43:58 William: So that's kind of where Cython came from and I think it's been steadily progressing over the years, very often there are things that come along which kind of sound like they do something similar, but Cyhton is just so battle tested and no matter what, like you want to write some fast code you can use from Python and you are willing to understand the basics of C data types you can write, you can use Cython and do it, and get it done, and if you want to make some code that is usable from C or C++, like a C or C++ library available to Python with no overhead then you can do that via Cython. So it's very different in SWIG- standard wrapper and interface generator where SWIG will automatically take a C++ library and make it usable for Python but there is some Python code between the C++ library and you and that slows things down a lot. So, with Cython we do things like make it so you can use a third party library that provides basic arithmetic addition and multiplication saying a finite filed, and we can make that so it's very fast, so it just takes on the order of a 100 nanoseconds to do additions and multiplications. So it really eliminates overhead and makes using very low level C code possible.

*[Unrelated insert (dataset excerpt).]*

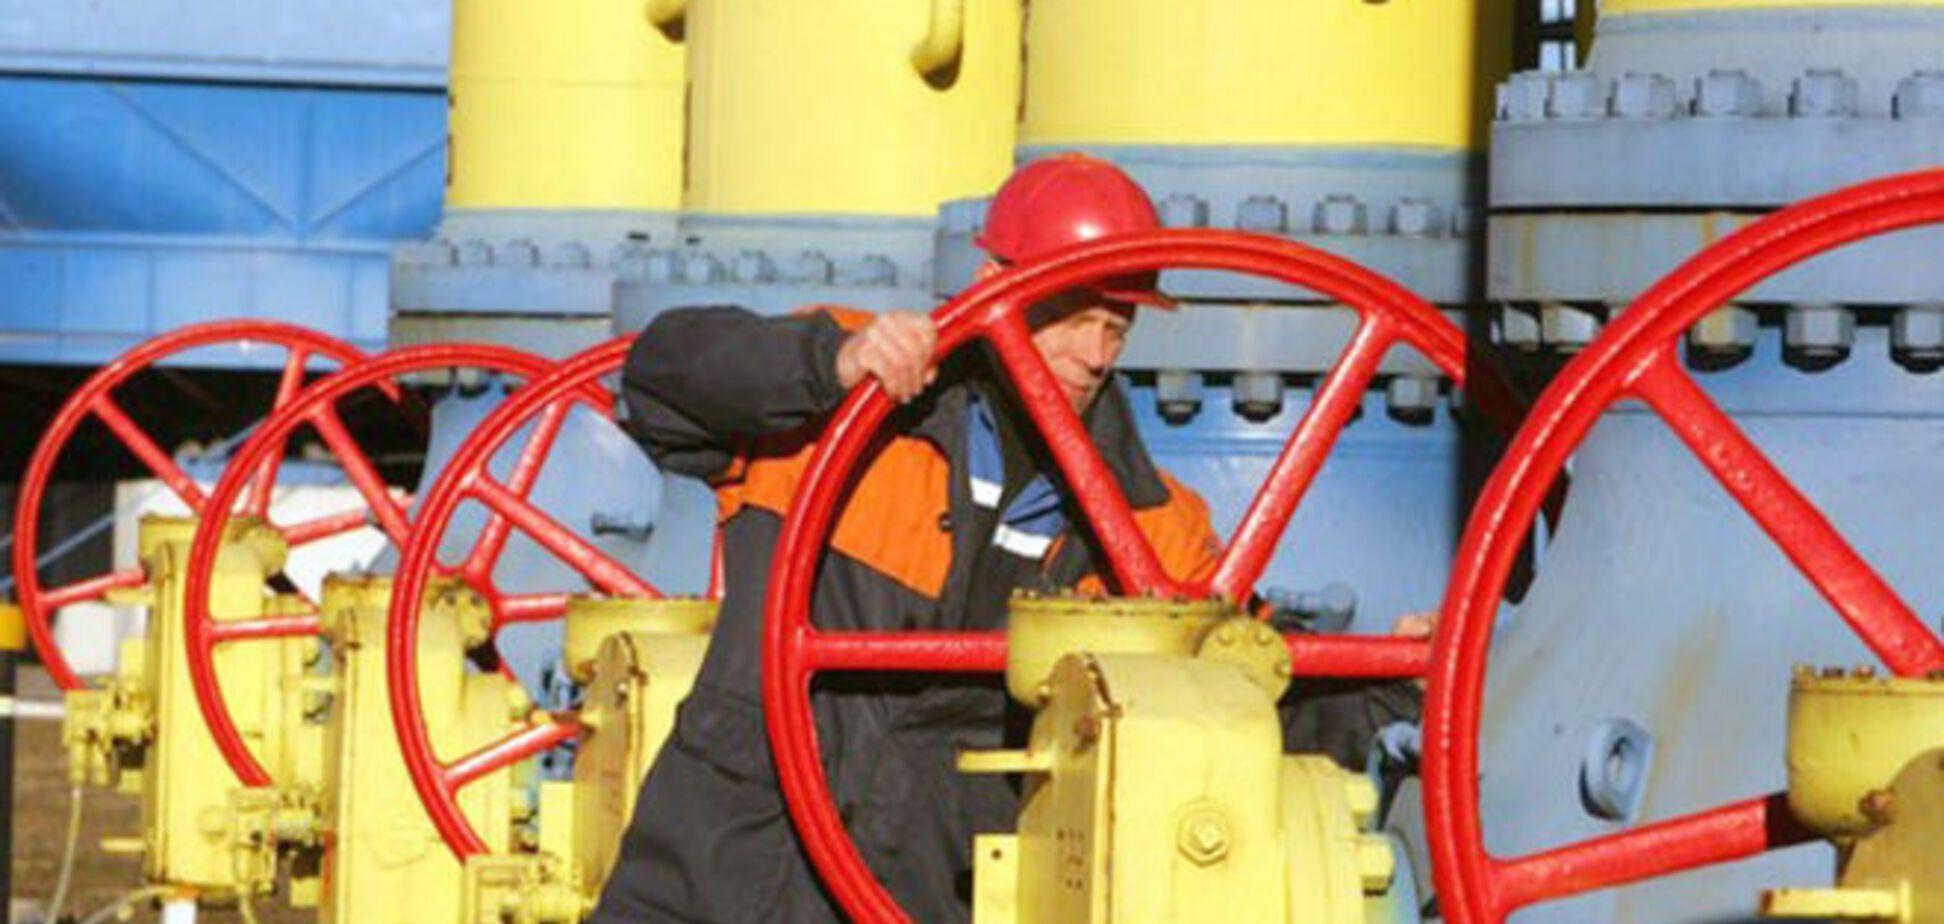 Експерт про видобуток газу: Україна може отримати 800 млрд грн

45:09 Michael: Yeah, that's really awesome, how applicable is that in general, is this something you would only use on math or you've got like a web service back end and there is a section that needs to go faster? Would Cython be something you might consider?

45:21 William: I think it's really aim towards very compute heavy loads, so like it doesn't help much if your problem is IO bound, and then like the new Python async stuff is probably way more useful, something like twisting, so it's really all about compute heavy, non asynchronous- you have asynchronous thing, like the for loop or you have a double nested for loop that is doing some calculation in the inside, you want to make that one part really fast, as fast as you could possible write in C, that's what Cython lets you do.

45:56 Michael. Ok, very cool.

45:58 William: And that's the sort of thing that comes up a lot, in math programming.

46:01 Michael: Yeah, of course it does. Matrix, multiplies and all sorts of things right. So, the sort of next step that you might take this whole project is rather than having people download 800 MB of all those packages and run it locally, just fire up a web browser, and so you started cloud.sagemath.com, right?

46:21 William: Yes, I started that in 2013, and my initial motivation was that I had been teaching courses for just repeatedly every year for about a decade to undergraduates, on how to use open source math software for kind of math, so I get kind of 40, or 50 math cs stats econ undergrads and the whole course is about how to program in Python, how to program in Cython, use lots of functionality from Sage, use Numpy, use LaTex a little bit, and the installation challenges for the students were pretty bad, and so for quite a while they would often just use the Sage notebook server we had running, but that could only handle maybe a dozen people at once, and it really wasn't very scaleable. And all it did was give you Sage so you could type in Sage code and see the output, but it didn't have a terminal, it didn't have LaTex, so I decided to write something that was much more all inclusive where you could teach a whole course about anything related to basically open source scientific software and do it all in one unified place where the students in about 15 seconds are up and running, so that was the motivation, and something I've refined over the last few years, I've taught using it a couple of times now and written some research papers and a book all within Sage Math cloud and there have been several hundred other people who have been on courses using it now.

47:48 Michael: Yeah, that's really great, I can just imagine the first day of these sort of computational math classes, so what we are going to do is we are all going to download this like my download canceled, mine won't install, mine installed but it won't launch, so it's like, why this is not what this class is about, right, but you've got to plough through that if it's on the machines, right, so this is really cool and you know, it's a really sleek web app that you guys have built.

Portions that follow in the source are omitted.